In all cases, the rough structure is a map-reduce that follows the actual map function being defined in the Stan language:

#### Rectangular, retransmit data

```
vector[] map(F f, vector[] thetas,
vector[] xs_r, int[,] xs_i)
vector f(vector theta, vector xs_r, int[] xs_i)
```

*PRO*

- function is simple and encapsulated
- clean math library implementation
- doesn’t go beyond what already exists in Stan language
- could use standalone function implementations as is for the workers (non root)

*CON*

- retransmits data
- rectangular only, so may require ugly and expensive-to-transmit padding

#### Ragged, retransmit data

```
vector map(F f,
vector thetas, int[] theta_ends,
vector x_r, int[] x_r_ends,
int[] x_i, int[] x_i_ends)
vector f(vector theta, vector xs_r, int[] xs_i)
```

*PRO*

- all of the pros of the rectangular version
- function is same, so still encapsulated

- allows arbitrary raggedness (user must know ragged result bounds)

*CON*

- retransmits data
- awkward raggedness without built-in ragged structures
- return sizes implicit
- could
`int[] result_ends`

argument for anticipated sizes—check results match

#### Rectangular, Fixed Data

The data variables `x_rs`

and `x_is`

must be the names of `data`

or `transformed data`

variables, so that they can be loaded once and reused

```
vector[] map(F f, vector[] thetas, vector[] x_rs, int[,] x_is)
vector f(vector theta, vector x_r, int[] x_i)
```

This one has a map that just sends the data in once, but `x_r`

and `x_i`

must be the names of variables in the data/transformed data block.

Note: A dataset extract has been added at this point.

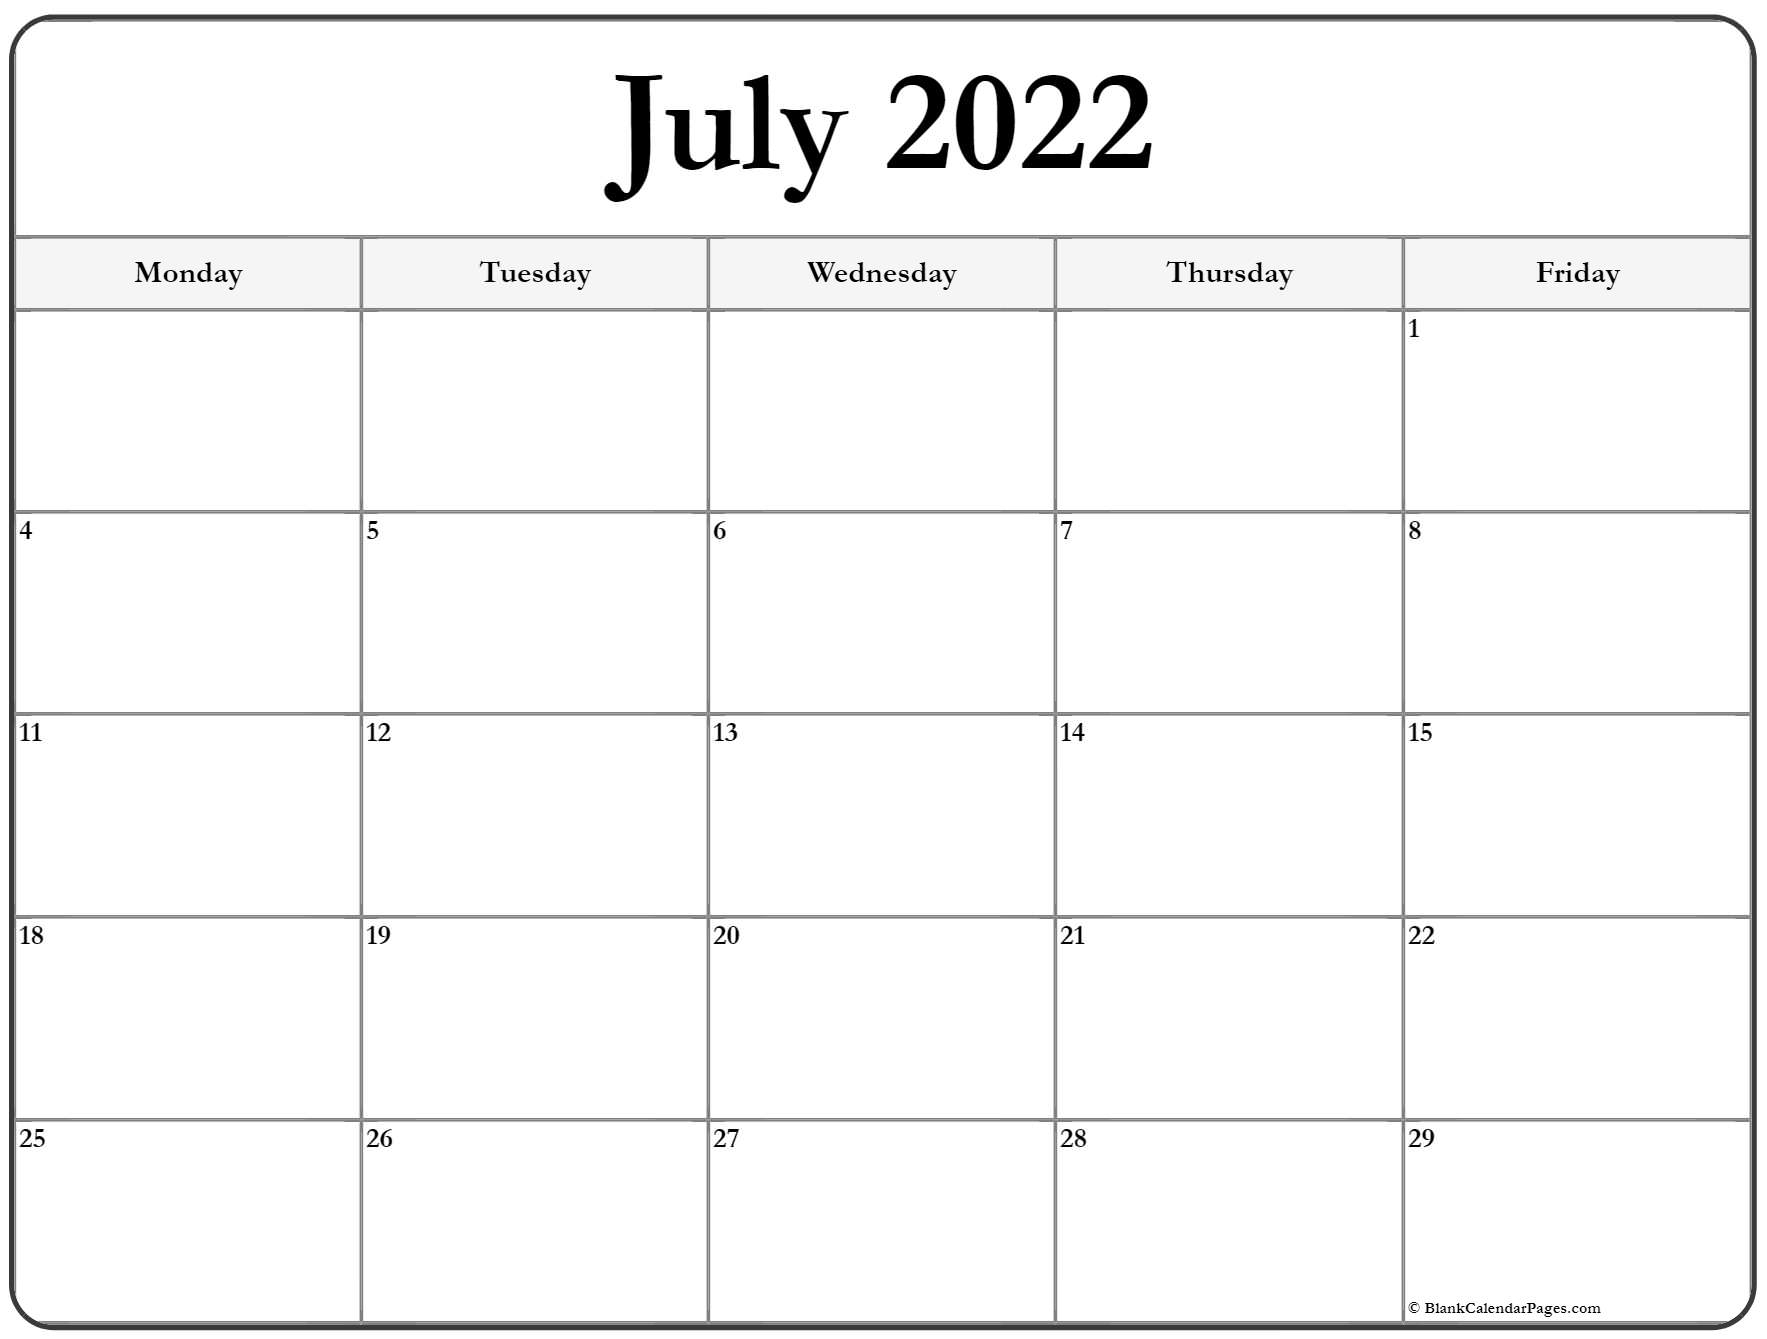 July 2022 Monday Calendar | Monday To Sunday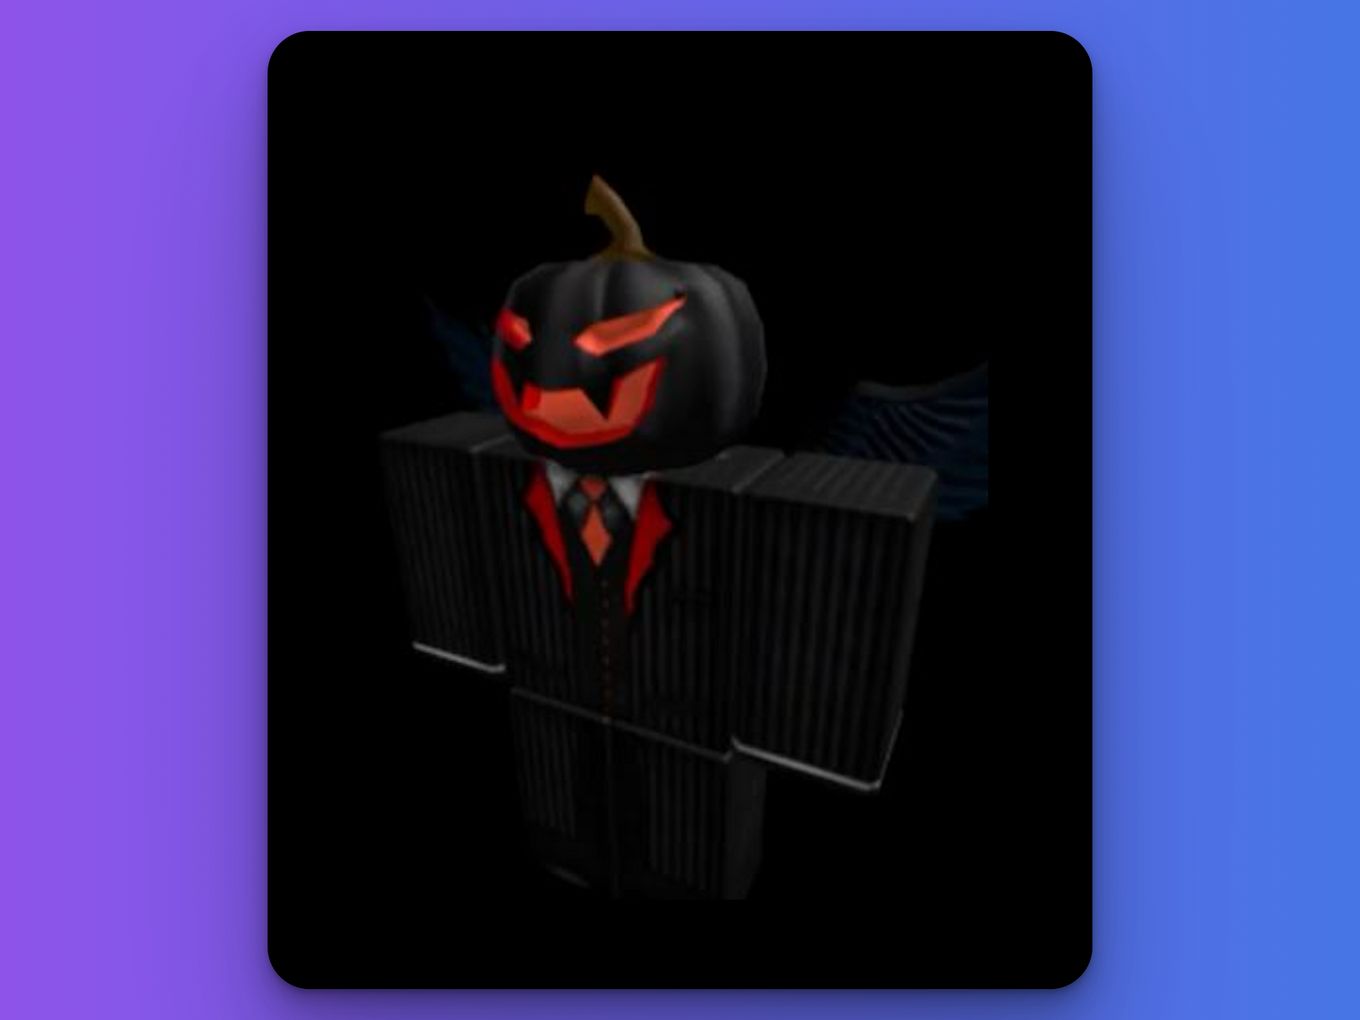 Classic Roblox Avatars - Dark Evil Pumpkin

Each child process will need to load the data from the model, but then only needs to hang on to its own slice, `x_rs[k]`

and `x_is[k]`

. Then the function can be taken from the standalone function compilation.

*PROS*

- reads data once on each child process
- easier to implement than closure
- easy implementation without MPI
- should perform better than data transmission each time

*CONS*

- has to instantiate all of the model’s data on each process, even though it only needs a slice
- back of envelope, this should be OK for PK/PD apps
- might not be so OK for distributing big regressions

- function
`f`

needs to know how to grab its slice of data from the index

Could generalize this to ragged in the same way as before.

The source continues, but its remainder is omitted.